IGGY POP – OPEN UP AND BLEED
By Paul Trynka

 

 

The story of Iggy Pop is a rollercoaster of rock n’ roll, drugs, sex, drugs, more drugs, madness, redemption, more drugs, voodoo, madness, backstabbing, ruthlessness, love and hate and yet more drugs – and Trynka does a very good job here in tying all the elements together chronologically and coherently.

 

Jim Osterberg was an independent, too smart for his own good, kid in middle America in the Cold War fifties, who somehow transformed himself into one of the most iconic figureheads of the alternative rock revolution, embracing the cultural zeitgeist of the 60s whilst completely (overly!) embracing drug culture as much as anyone else.

 

Deliberately sabotaging his own career – and personal life – on several occasions, what Trynka does most completely here is explain how Jim Osterberg and Iggy Pop co-habit the same man’s body and the power struggle that they have been fighting now for 40-something years.

 

For all the tales of drug abuse and depravity, these subjects were better covered in Danny Sugarman’s biography “Wonderland Avenue” – Trynka concentrates more on Iggy’s musical endevours and how the drug abuse and personal degrees of being unhinged affect them, rather than delve too deeply into the many, possibly apocryphal, tales of drug mayhem and bisexuality by which most others set a benchmark.

 

Trynka is a former editor of English music mag MOJO, and he brings a deft hand in not only making sense of Pop/Osterberg’s career, but also successfully intellectualises his problems, battles, abuses and high profile outbursts of violence and betrayal.

 

I confess to having some issues with Trynka’s assessment of Iggy’s body of work – he dismisses albums such as “Instinct” as “mind numbingly dull corporate rock” which seems to completely miss the point of the album’s sound and his collaboration with former Sex Pistol Steve Jones.

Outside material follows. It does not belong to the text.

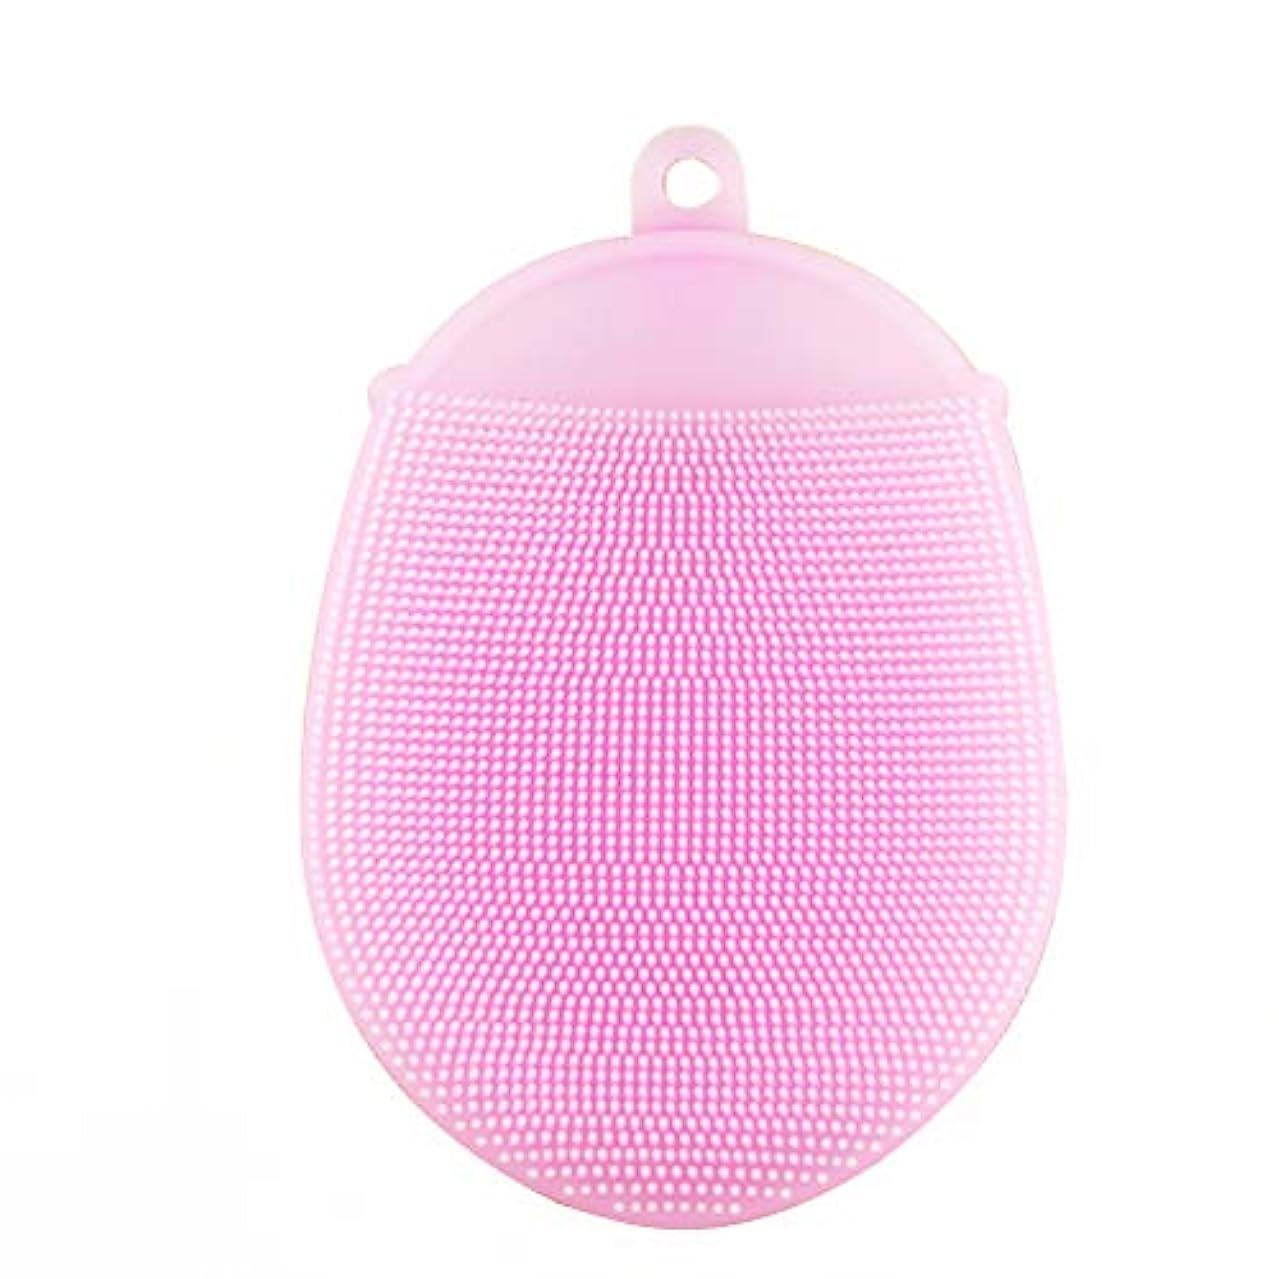 乱雑な限り親密なHealifty シリコン 入浴ブラシ 抗菌 シャワースクラバー 洗顔パッド 2本入 (ピンク)

Certainly the album didn’t sell brilliantly, and certainly the rock is more base than The Stooges art/drugs hybrid wall of sound, but surely that was the point?

 

His latter day albums are roundly criticised as well – some rightfully so as his songwriting wasn’t always up to scratch, but to dismiss an album or a song because it is heads down rock without a lot of subtlety merely says the author isn’t a rock man, not that the artist has failed.

 

These quibbles aside, this book paints a thoughtful and interesting picture of both Jim Osterberg and Iggy Pop, a solid chronology of the man’s life, and many fascinating insights into the man and his work.